What people cast as an embrace of a romantic tradition is really an attempt to romanticize what is at its core a sexist relic of marriage. Women don’t ask because it’s not tradition; the couple doesn’t have a proposal conversation because it’s not tradition.

If two people have made a decision jointly that they want to get married, why this responsibility for men to decide on the timing and the formalizing of that joint decision?

“A proposal planner provides a female’s perspective,” according to The Yes Girls website.

That seems a little redundant considering there’s a woman right there who the man is about to make the decision with. And that woman can, and should, feel free to step up and participate in that decision and its timing.

A man, meanwhile, might be off asking a bride’s parents for her hand in marriage. But women aren’t their fathers’ property.

Marriage isn’t a negotiation that grooms-to-be should having behind the scenes with their future fathers-in-law. It’s some of the most thrilling news of the couple’s life. Why not share that news together, with each set of parents, as a decision that was made with equal input from each person?

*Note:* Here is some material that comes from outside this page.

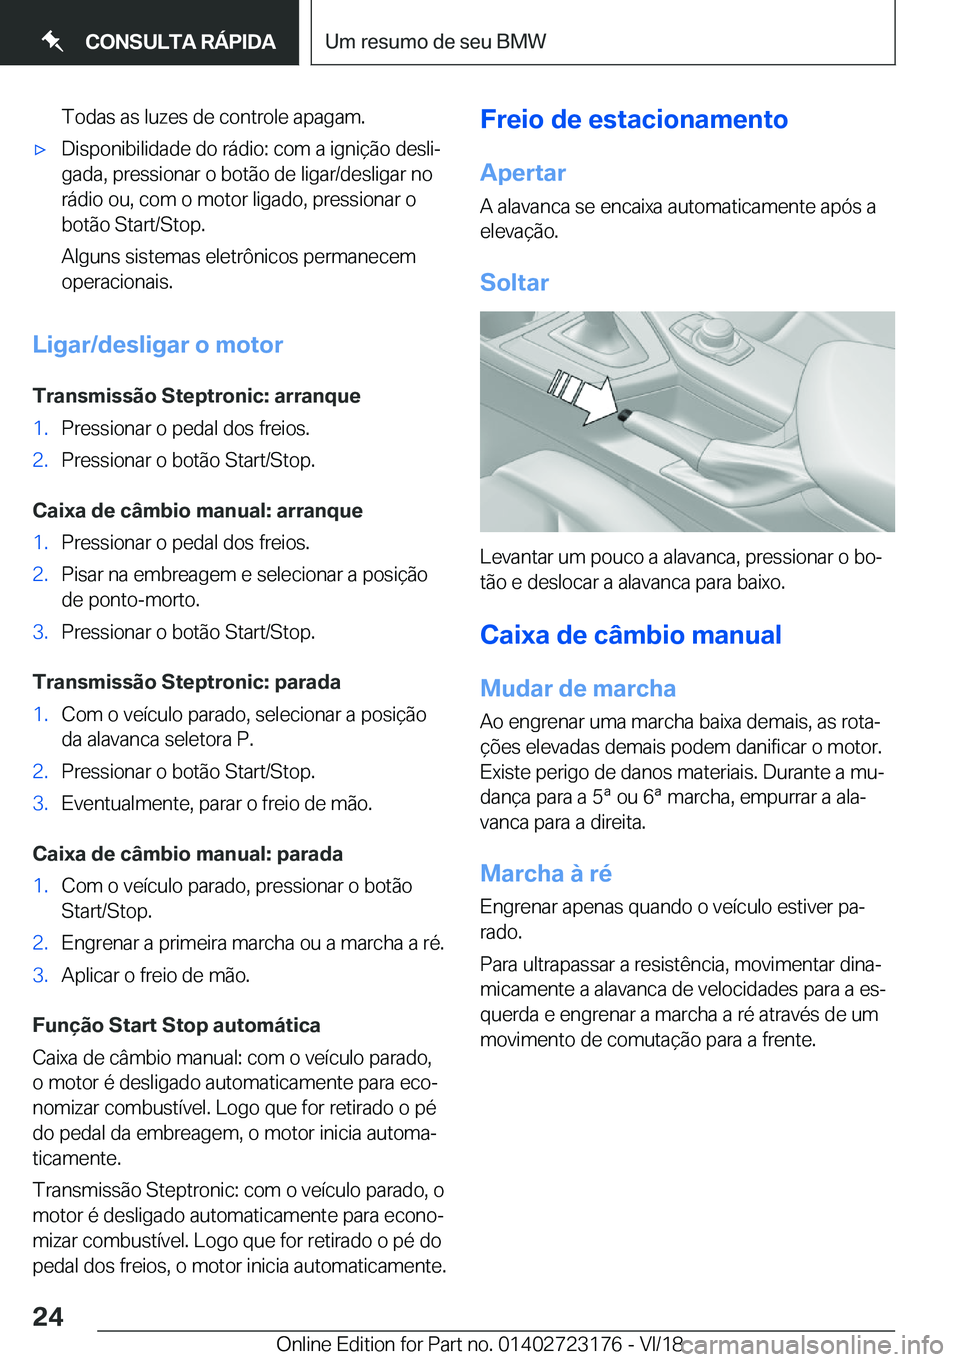 BMW 4 SERIES GRAN COUPE 2019  Manual do condutor (in Portuguese) �T�o�d�a�s��a�s��l�u�z�e�s��d�e��c�o�n�t�r�o�l�e��a�p�a�g�a�m�.x�D�i�s�p�o�n�i�b�i�l�i�d�a�d�e��d�o��r�á�d�i�o�:��c�o�m��a��i�g�n�i�

There’s no reason to forego a titillating, romantic engagement trip or dinner or party. We don’t have to set aside all the fanfare in a transition to more egalitarian proposals. Both partners can wear rings if they want something sparkly to show off.

Yet tradition, even some archaic practices, seems to have a way of creeping into even the most progressive people’s desires when it comes to weddings. Friends of mine have suddenly found a place for religion or family bonds that they might otherwise keep at arm’s length, wanting to keep weddings tied to their sense of how it’s always been done.

But some trappings of traditional weddings are sexist signposts of how mercenary marriages used to be. If we want relationships to evolve beyond transactions between men, we need to reimagine proposals as decisions that don’t involve men dropping down on one knee — and not by shelling out lots of money for an even more elaborate version of that old tradition.